"""
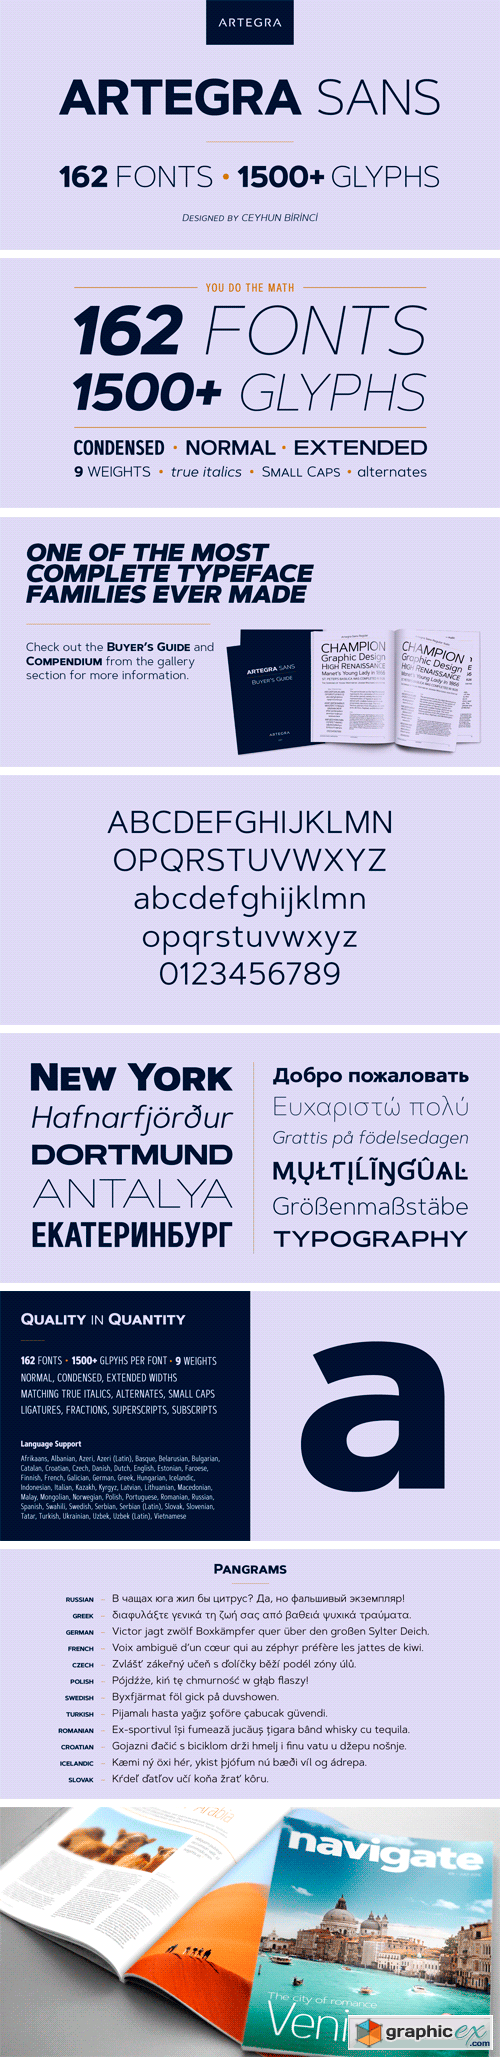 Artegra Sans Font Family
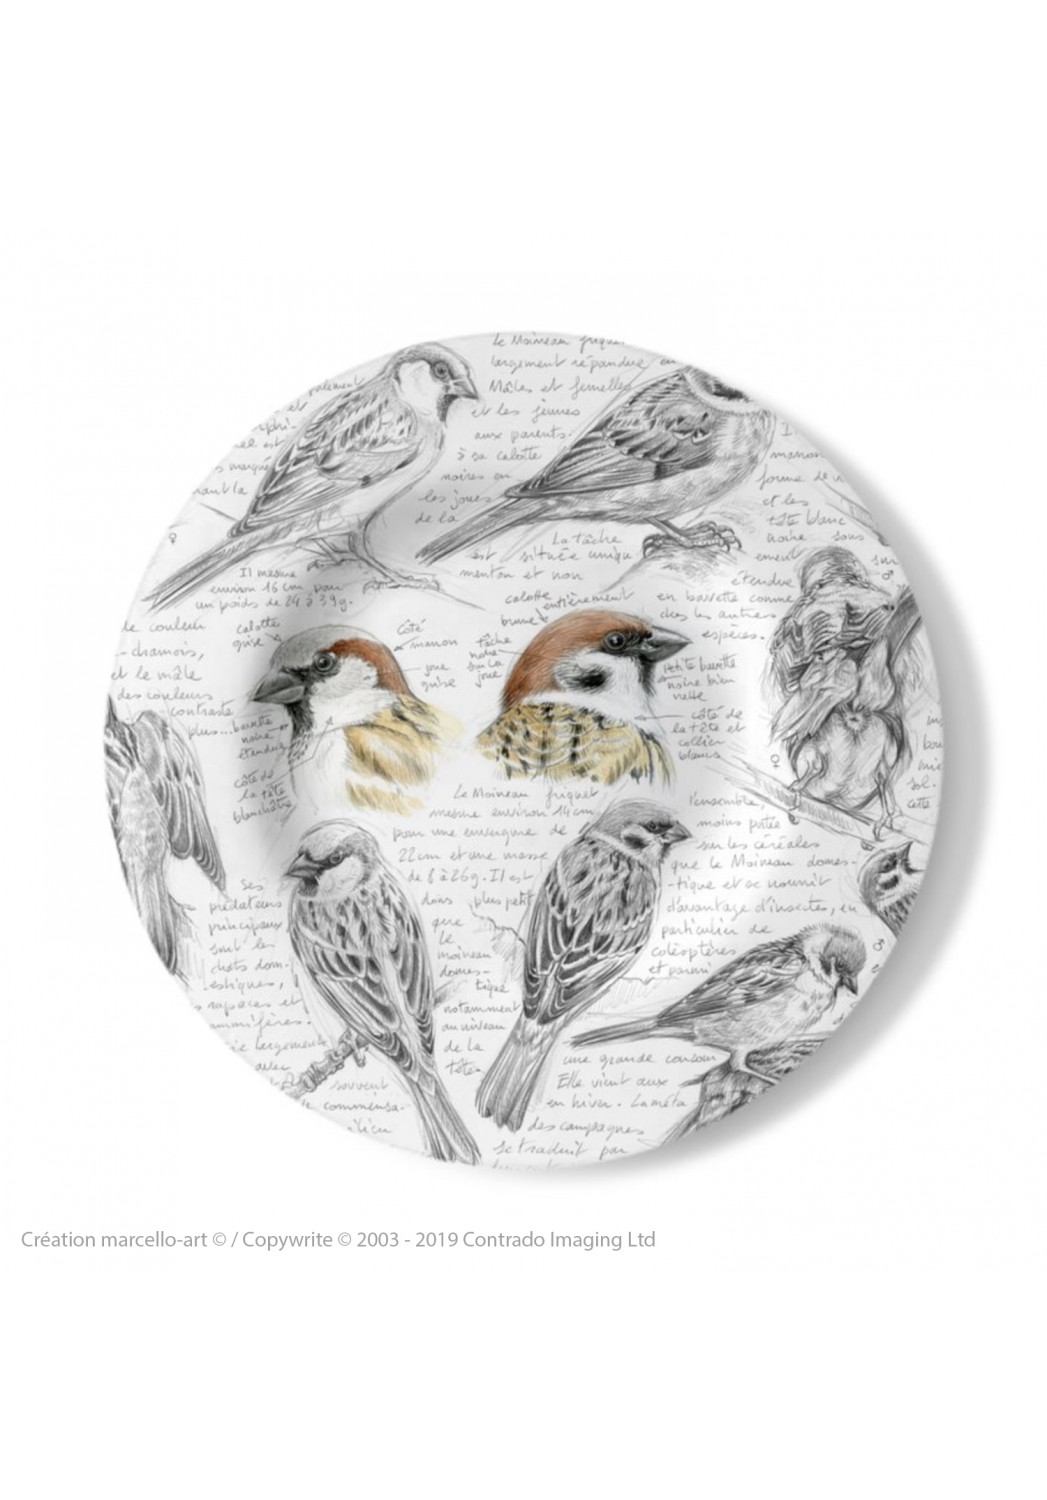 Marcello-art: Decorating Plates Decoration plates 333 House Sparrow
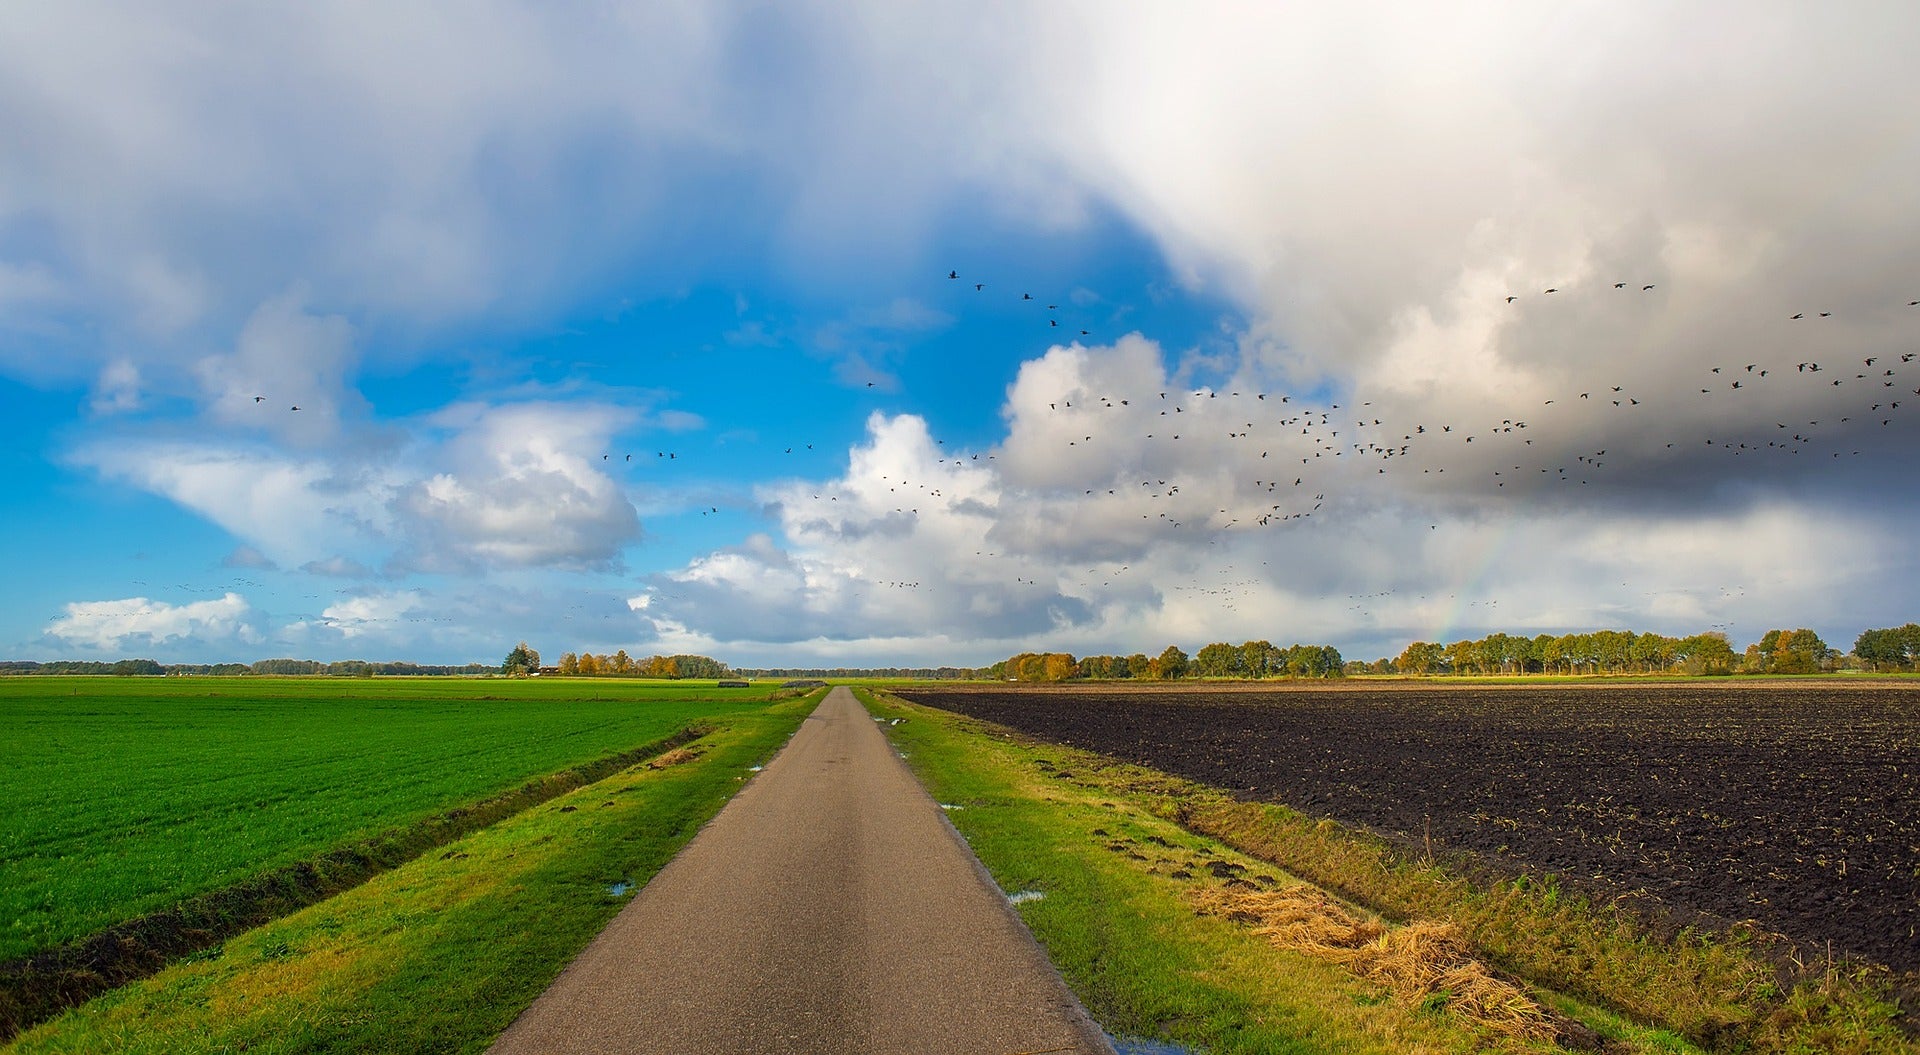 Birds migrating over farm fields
"""
Only the pictures are dropped. Otherwise, write out the listing exactly.

 Artegra Sans Font Family
 Marcello-art: Decorating Plates Decoration plates 333 House Sparrow
 Birds migrating over farm fields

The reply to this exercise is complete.